### What this task involves
Return the listing verbatim, images left out.

### Recorded information
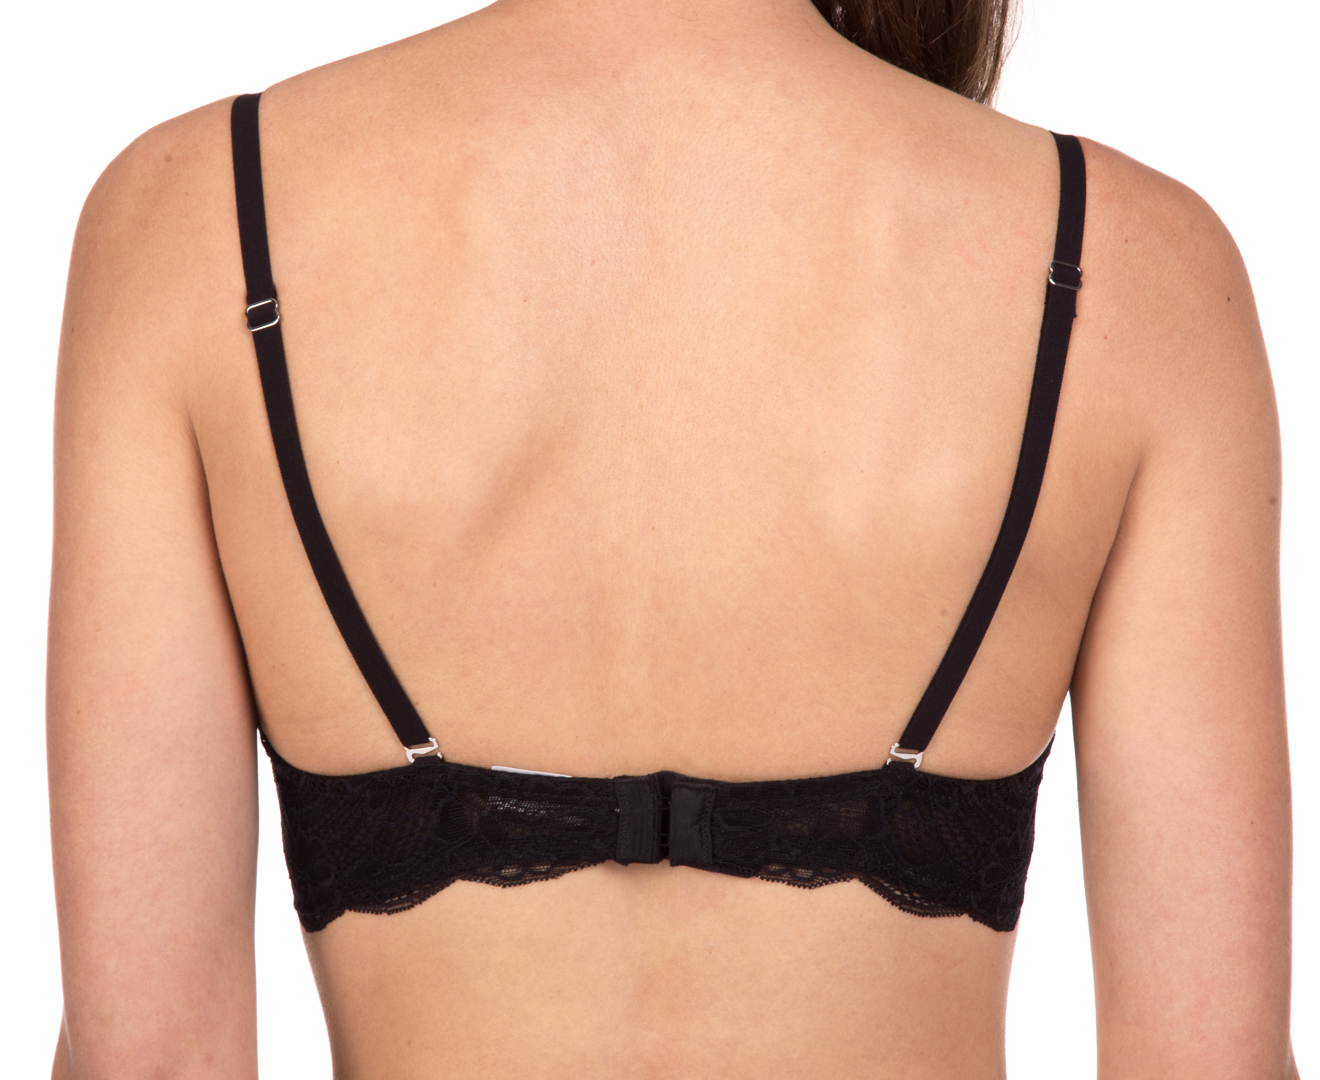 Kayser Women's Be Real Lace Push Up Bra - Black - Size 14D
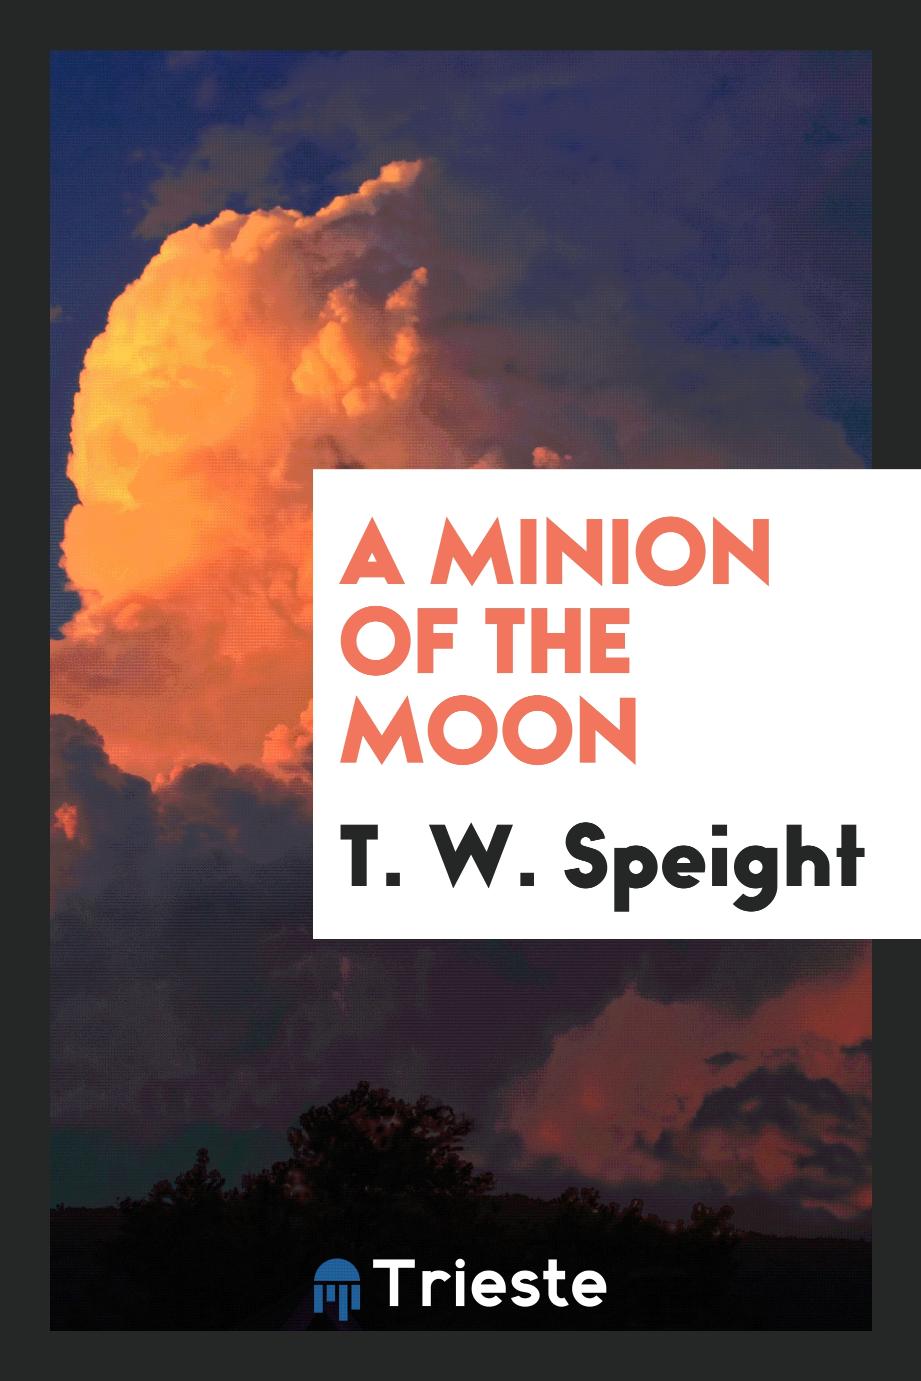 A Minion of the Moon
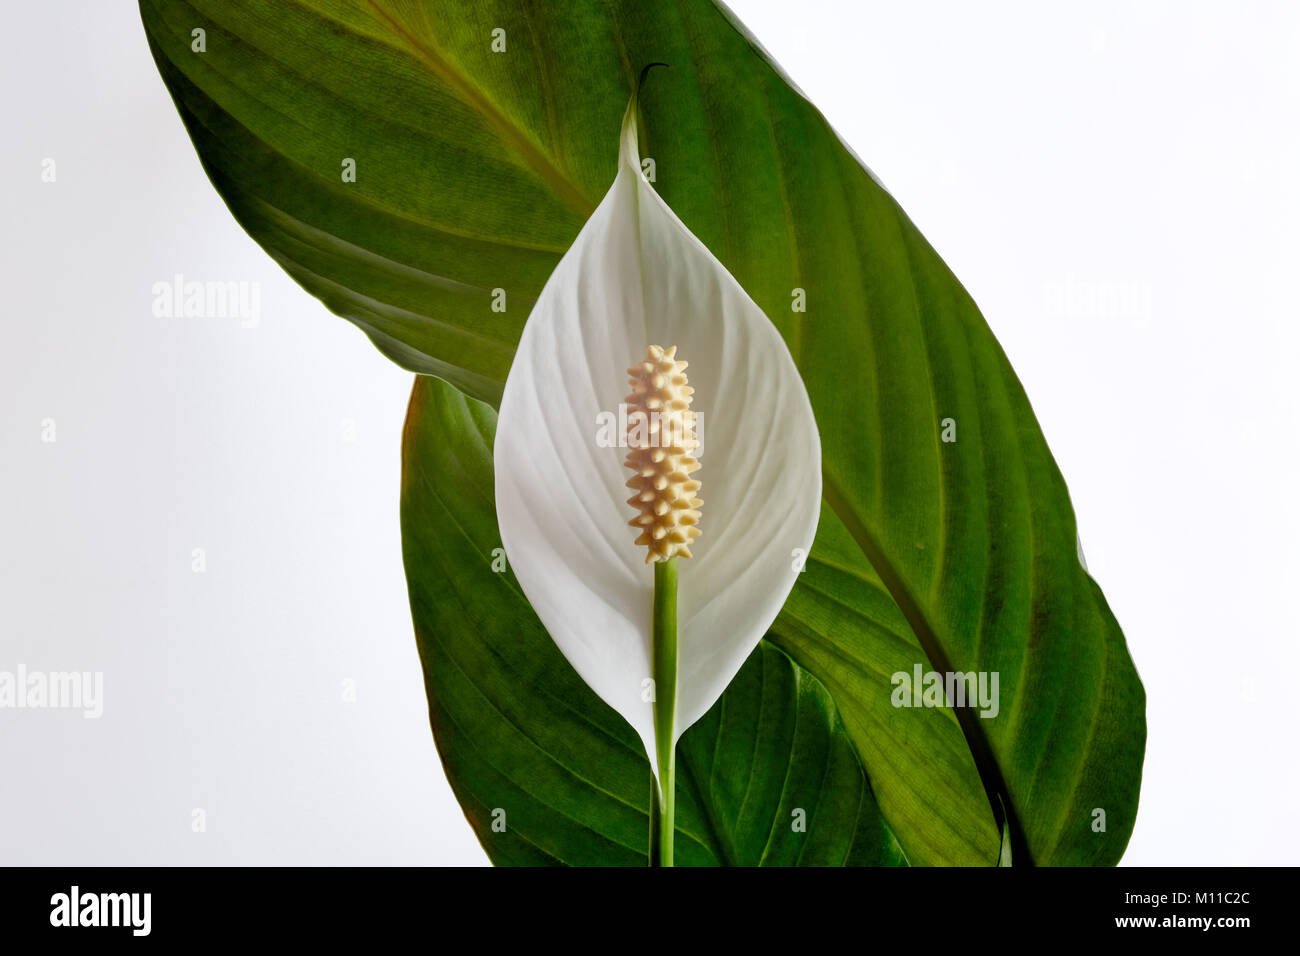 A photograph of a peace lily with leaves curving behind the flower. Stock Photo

### Response
 Kayser Women's Be Real Lace Push Up Bra - Black - Size 14D
 A Minion of the Moon
 A photograph of a peace lily with leaves curving behind the flower. Stock Photo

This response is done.